Google Cloud Professional Machine Learning Engineer — Question 199
You developed a Transformer model in TensorFlow to translate text. Your training data includes millions of documents in a Cloud Storage bucket. You plan to use distributed training to reduce training time. You need to configure the training job while minimizing the effort required to modify code and to manage the cluster’s configuration. What should you do?
Answer options
- A. Create a Vertex AI custom training job with GPU accelerators for the second worker pool. Use tf.distribute.MultiWorkerMirroredStrategy for distribution.
- B. Create a Vertex AI custom distributed training job with Reduction Server. Use N1 high-memory machine type instances for the first and second pools, and use N1 high-CPU machine type instances for the third worker pool.
- C. Create a training job that uses Cloud TPU VMs. Use tf.distribute.TPUStrategy for distribution.

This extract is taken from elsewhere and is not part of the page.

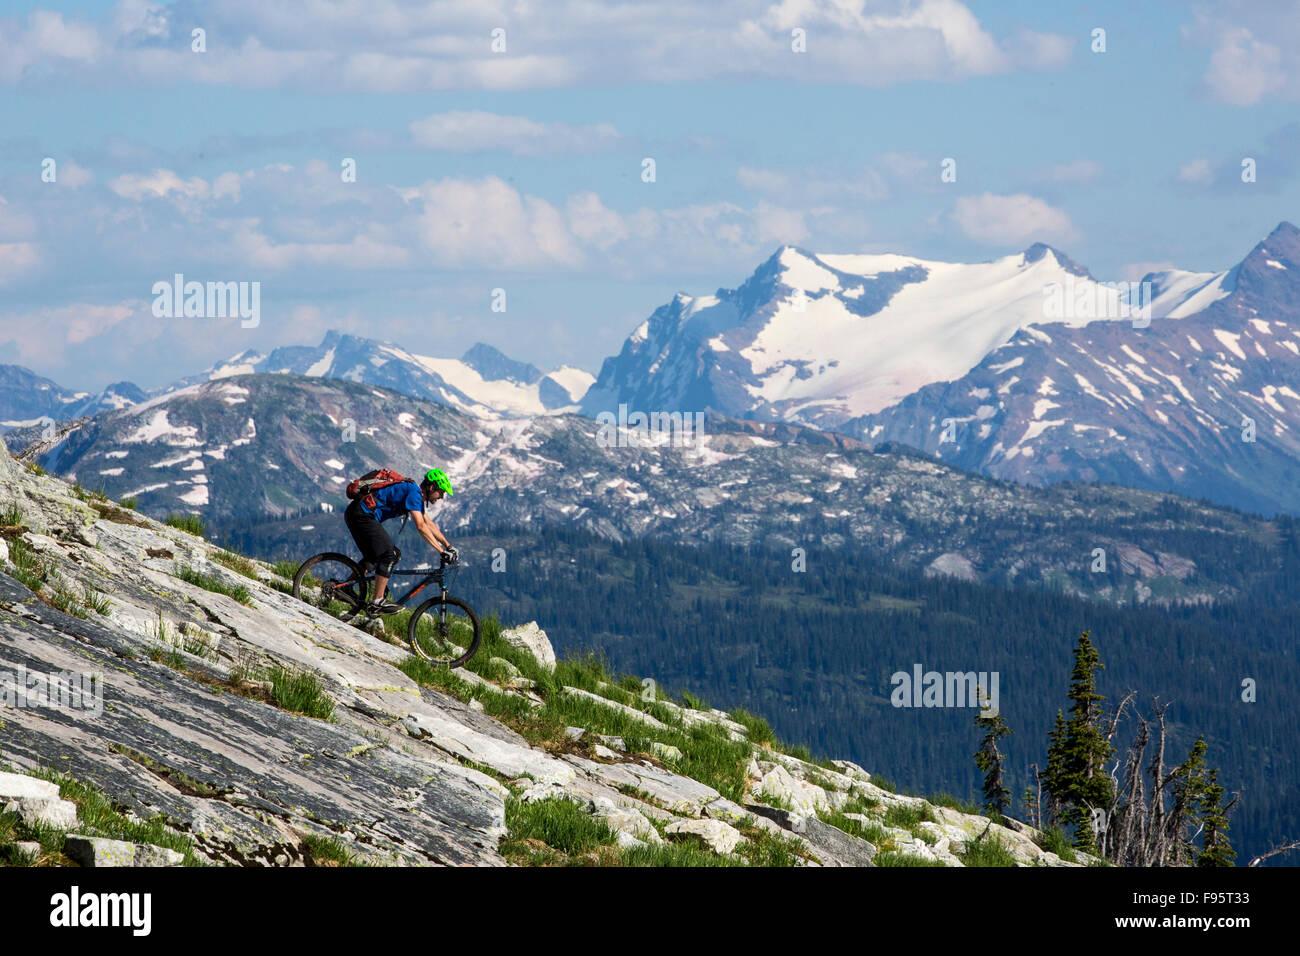 Ciclismo de montaña, Eagle Pass, el Monte Inglés, montañas Monashee, Revelstoke, British Columbia, Imagen De Stock

- D. Create a Vertex AI custom training job with a single worker pool of A2 GPU machine type instances. Use tf.distribute.MirroredStrategv for distribution.
Correct answer: A
Explanation
The correct answer is A because it utilizes Vertex AI's custom training capabilities with GPU accelerators and the tf.distribute.MultiWorkerMirroredStrategy, which is specifically designed for distributed training without extensive code changes. Options B and C suggest configurations that either complicate the setup or do not align with the requirement for minimizing management effort. Option D, while valid, does not leverage the efficiency of multiple worker pools as effectively as option A.